By Ahmed Abed – News journalist
Something unusual is happening inside the Reserve Bank of India’s trading desk. It’s not the kind of thing that makes headlines at first glance, but if you follow currency markets, you’ve probably noticed the numbers. The RBI’s net forward book—essentially a massive stack of promises to buy or sell dollars in the future—has ballooned past the $100 billion mark. That’s a big number. And it’s getting bigger by the week.
Why does this matter? Because when a central bank starts piling up forward contracts like a trader chasing a hot streak, it tells you something about the pressure it’s feeling. Right now, that pressure is coming from one place: Iran. Or more precisely, the war in Iran. Geopolitical tremors have a way of rattling currencies, and the Indian rupee is feeling every aftershock.
The Rupee Under Siege
Let’s rewind a bit. The rupee has been taking a beating for months. It’s not just the Iran conflict—though that’s the current accelerant. You’ve got a strong dollar, rising oil prices, and foreign investors pulling money out of Indian equities. But when Iranian missiles started flying and tensions in the Strait of Hormuz spiked, oil prices shot up. India imports over 80% of its oil. Do the math.
Every dollar rise in oil prices adds billions to India’s import bill. That means more demand for dollars. And more demand for dollars means a weaker rupee. The RBI has been trying to slow that slide, but it can’t just print dollars. It has to use its reserves. And it has to get creative.
That’s where the forward book comes in. Think of it like this: instead of selling dollars today and draining its cash reserves immediately, the RBI sells dollars in the forward market—promising to deliver them at a future date. This keeps the spot market from getting too chaotic while still providing support to the rupee. It’s a bit like using a credit card instead of cash. You still have to pay eventually, but you buy time.
A $100 Billion Bet
Crossing the $100 billion threshold in net forwards is a psychological milestone. It’s also a practical one. The last time the RBI’s forward book was this big, it was during the taper tantrum of 2013. That didn’t end well. The central bank had to unwind positions quickly, and the rupee took a dive.

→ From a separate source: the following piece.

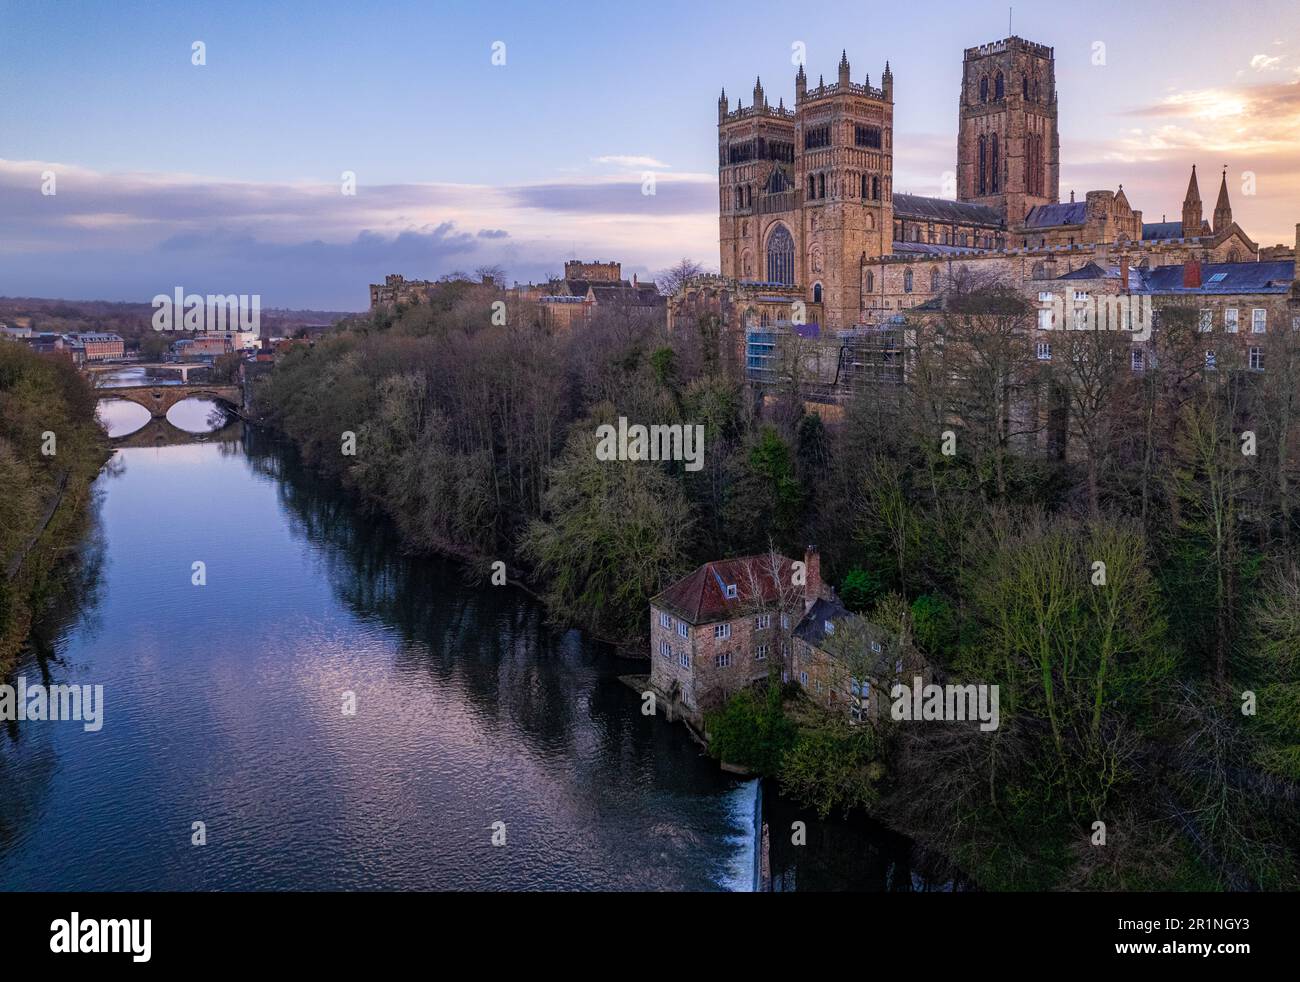 Immagine aerea di medio livello della Cattedrale di Durham in una mattinata invernale Foto Stock

Now, I’m not saying history repeats itself exactly. The RBI has learned a few tricks since then. But the sheer size of this exposure raises eyebrows. If the rupee suddenly strengthens—say, if a ceasefire holds or oil prices crash—the RBI could be stuck with contracts that lock in losses. On the flip side, if the rupee keeps sliding, those forward contracts become a lifeline. It’s a high-wire act.
Let me give you a real-world sense of the scale. India’s foreign exchange reserves are around $600 billion. That sounds like a lot, but a $100 billion forward book means almost 17% of those reserves are essentially pledged in future deals. That’s a big chunk of your rainy-day fund.
Why This Feels Different
I’ve been covering central banks for years, and there’s something about this moment that feels more tense than usual. Maybe it’s the war. Maybe it’s the fact that oil prices are volatile in ways we haven’t seen since the 1970s. Or maybe it’s because the RBI is fighting a multi-front battle: inflation at home, a strong dollar abroad, and a geopolitical crisis that nobody can predict.
You have to admire the RBI’s resolve, though. They’re not just sitting on their hands. They’re using every tool in the box—forward contracts, spot interventions, even tweaking liquidity rules for banks. But here’s the thing: no central bank can defy gravity forever. If global risk appetite turns sour and the dollar keeps rallying, the rupee will eventually find its own level. And that level might be lower than anyone wants to admit.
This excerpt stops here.